Завещание старого вора - Евгений Евгеньевич Сухов
Шрифт:
Интервал:
Закладка:
– Да, все так. А вы каждый день у Серебряковых работали?
– Почти каждый, – охотно откликнулась домработница.
– А вы знаете о том, что хозяйка хотела вас рассчитать?
– Мне это неизвестно.
– А почему вас не было в квартире в день убийства? – Майор Бережной пристально посмотрел на свидетельницу.
Он хотел задать этот вопрос нейтральным голосом, как самый банальный, не имеющий отношения к делу, но получилось с некоторым упреком. Дескать, вот вы сейчас живы, а хозяева ваши мертвы.

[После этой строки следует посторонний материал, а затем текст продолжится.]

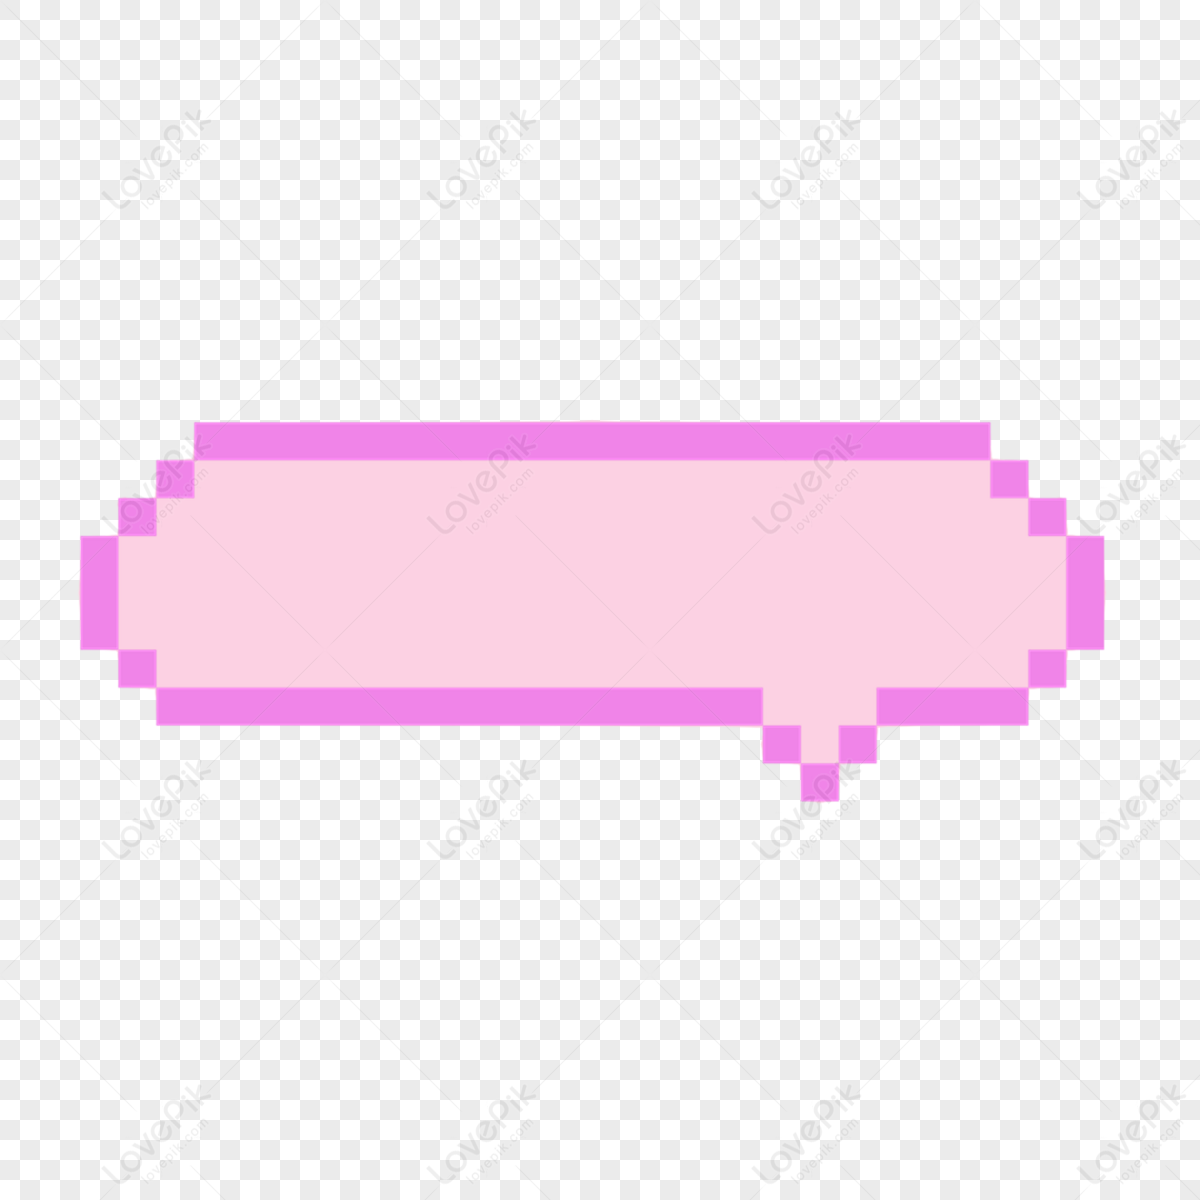 Purple Pink Pixel Art Box Dialog,text Box,strip PNG Image And Clipart ...

Подбородок у Дарьи Коваленковой дрогнул. В какой-то момент Ефиму даже показалось, что она готова разреветься в два ручья, заголосить громко, по-бабьи, и тогда успокоить ее будет сложно. Бережному сделалось неприятно за собственную бестактность. Прошла долгая минута, прежде чем свидетельница сумела справиться с собой.
Она приподняла подбородок и уверенно отвечала:
– Я отпросилась у Глеба Сергеевича заранее. Мне нужно было встретить родственницу на вокзале.
– Встретили?
– Да.
– А откуда она приехала?
– Из Ярославля. Она ни разу не была в Москве и попросила, чтобы я показала ей город. Конечно, он сейчас не тот, что был до войны, но все равно красивый.
– А как ее зовут?
– Тетя Шура Тимофеева.
– Ну и как, понравилась ей столица? – Майор Бережной попытался улыбнуться, хоть немного смягчить жестковатые интонации.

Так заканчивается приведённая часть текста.